The unemployment rare reflects two inter-related factors, the desire of employers to have more workers to produce their goods and services, which we call the DEMAND FOR LABOR, and the number of people in our society who are either working or who believe they can find a job if they look hard enough. The number of people in the worker and would be worker category is called the SUPPLY OF LABOR, once we allow that the number is influenced by what people expect to be paid once they find something. [NOTE: This is why we prefer the job count, rather than the unemployment rate as a useful measure.  There are too many factors influencing the unemployment rate.]  While the demand for labor grows as long as the economy expands faster than PRODUCTIVITY (output per worker) increases,  the supply of labor is heavily influenced by EXPECTATIONS, what people who are not yet in the labor market think they are going to find if they decide to look for a job.  As we have noted in previous reports, WAGES are stuck in neutral, barely rising over the last few years.  In addition, the news is overloaded with stories about big companies laying off hundreds, or even thousands, of people. The small firms that add ten or twenty people at a time don’t make headlines, but the numbers indicate quite clearly that more people are being hired than are being laid off. 

 

If people don’t expect to find a job that will pay a decent wage they won’t bother to look.  In fact, economics says that it would be quite illogical for them to do so.

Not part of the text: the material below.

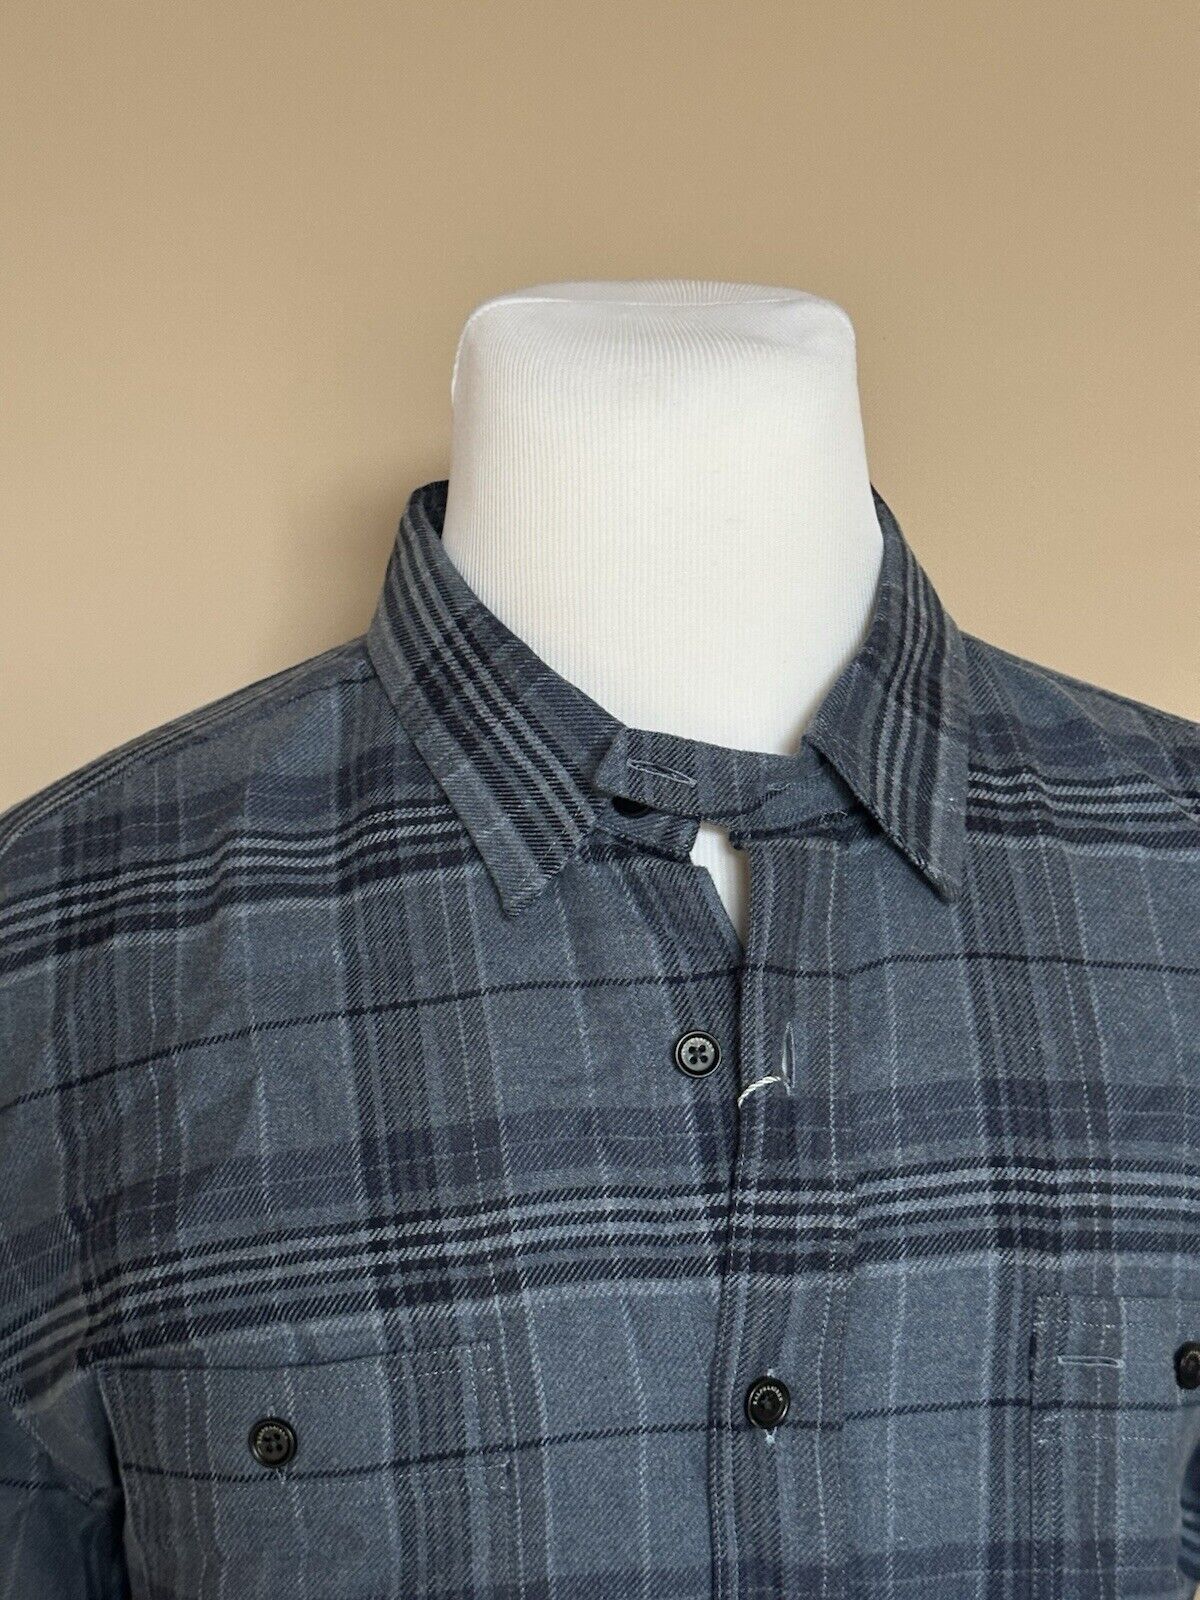 Ralph Lauren Purple Label Langley Plaid Cotton Men's Shirt 2XL Italy NWT $595

As a result, our LABOR FORCE PARTICIPATION RATE, the percentage of the eligible population either employed or actively looking for work, which had rocketed up by 2.6 percent during the Reagan years, and then another full percent during the Clinton presidency, to 67.2 percent, has now dropped back to 66.1 percent, more than a one percent decline in a little more than five years.  Our belief is that both Reagan and Clinton were effective optimists on the economy.  Mr. Bush may be an optimist as well, but he has not been able to deliver an effective case on the economy to the American public.  Again, it’s more of a guess than anything else, but both Mr. Reagan and Mr. Clinton had strong, effective Treasury Secretaries, who carried a good deal of the economic word to the public.  Mr. Bush has had two abysmal choices for Treasury Secretary, which is why he is working on his third as we write.  At least the new nominee, like President Reagan’s Mr. Regan and President Clinton’s Mr. Rubin, is from Wall Street.  But that’s a story for another day.

 

Finally, once the job market gets rolling again, with rising wages and 220,000 new jobs each month, the unemployment rate may actually go back above 5.0 percent.  That’s because, if people begin to believe that there are good jobs available, some of the people who have been DISCOURAGED WORKERS, to pessimistic to be considered actively looking for work, will return to the labor force, increasing the supply.  Once they return and start looking they will be counted as unemployed, and the rate may go up.  That’s one of the reasons why the unemployment rate is considered to be a LAGGING ECONOMIC INDICATOR, sort of like an economic writer you may know who does not get his material out on time lately.